There is even a Wegman merchandising center, called William Wegman
World.
Aside from the immediate accessibility of these works, they are
masterpieces of ironic metaphoras many critics have noted, Wegman's
subjects have become symbolic of mankind, its foibles, failures,
and follies, but always with a leavening dose of humor.
Wegman is known for his photography, but he has also done work in
video and painting. His early work is associated with fellow 60s
conceptual artists Sol LeWitt, Carl Andre, and Robert Smithson.
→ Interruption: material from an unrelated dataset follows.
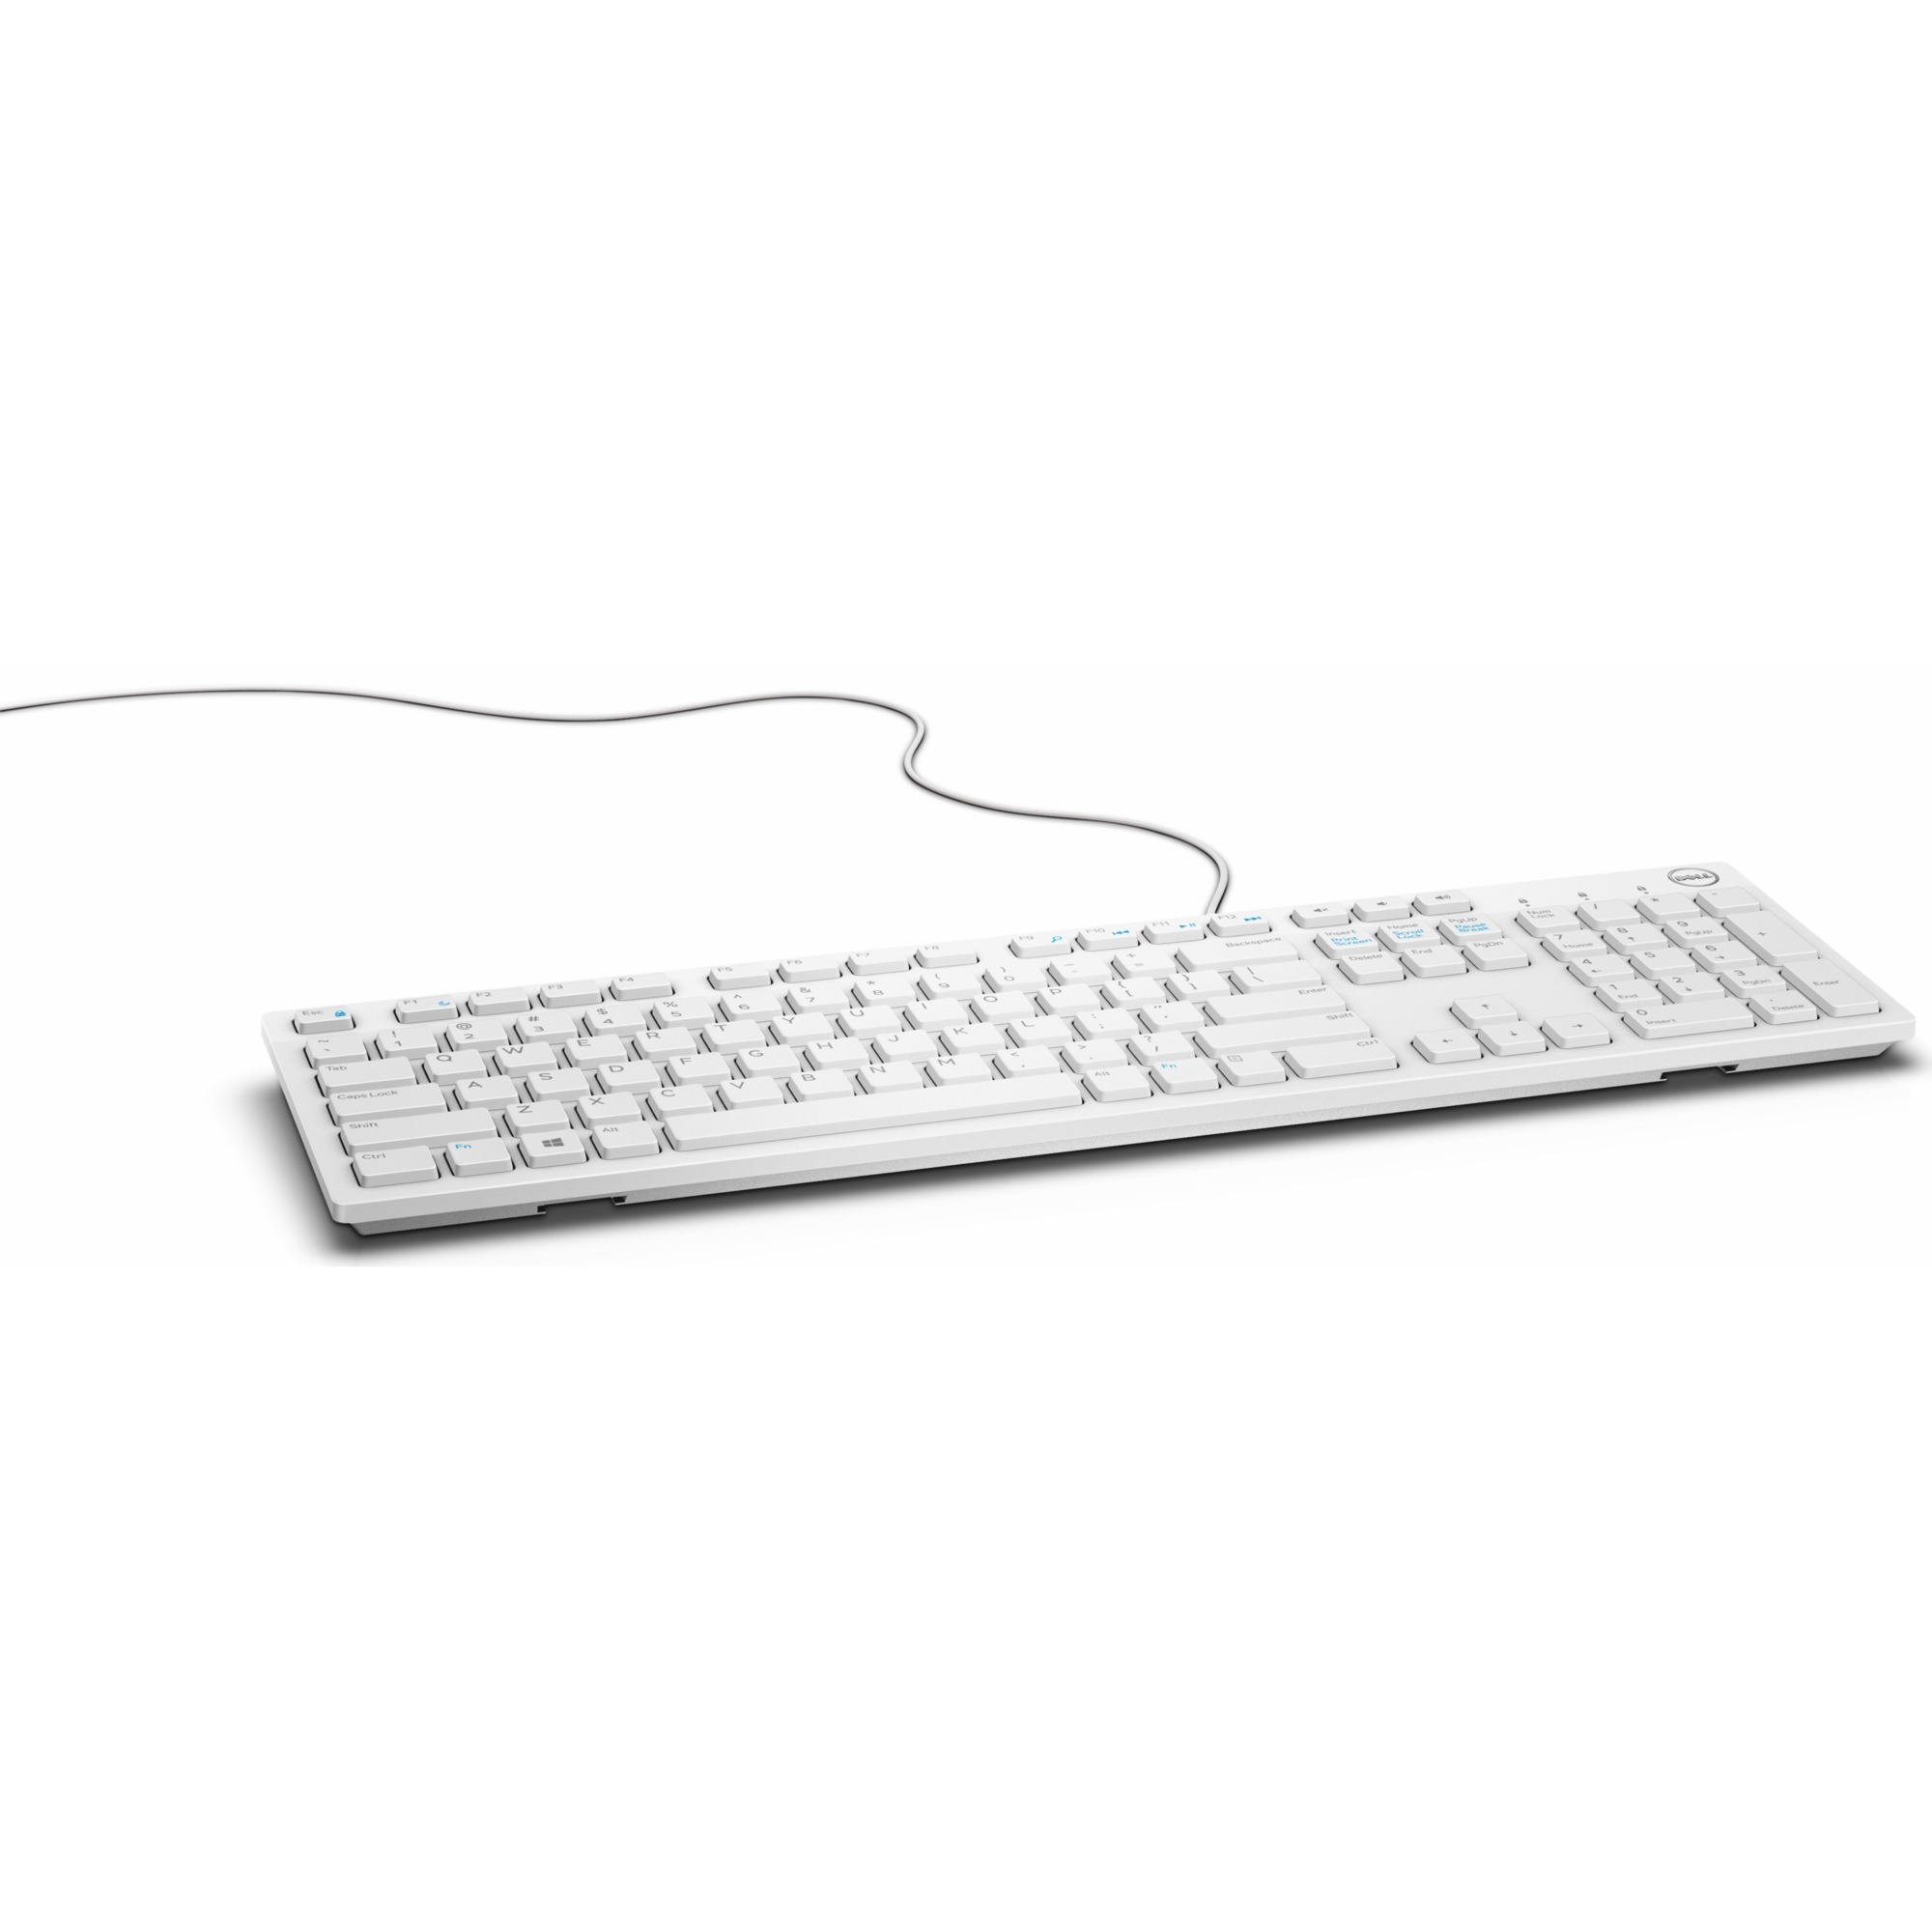 Image of Alternate - Multimedia-Tastatur KB216 online einkaufen bei Alternate

He first became known for his conceptual photographs and performances
(captured on video). The Man Ray and Fay Ray photographs first became
a major part of Wegman's oeuvre in 1979, when he started working
with the large-format Polaroid 20x24 camera.
Wegman's photographs, videotapes, paintings and drawings have been
exhibited in museums and galleries internationally. A retrospective
of his work traveled to museums throughout Europe and the United
States including the Whitney Museum of American Art in New York.
In addition to video segments that have appeared regularly on Sesame
Street since 1989, William Wegman has also created film and video
works for Saturday Night Live and Nickelodeon. His other works include
the books Cinderella, Little Red Riding Hood, ABC,
123, Circle Triangle Square, Farm Days, and
Mother Goose (all Hyperion), and the videos Alphabet Soup
and FayÕs Twelve Days of Christmas. (WarnerVision).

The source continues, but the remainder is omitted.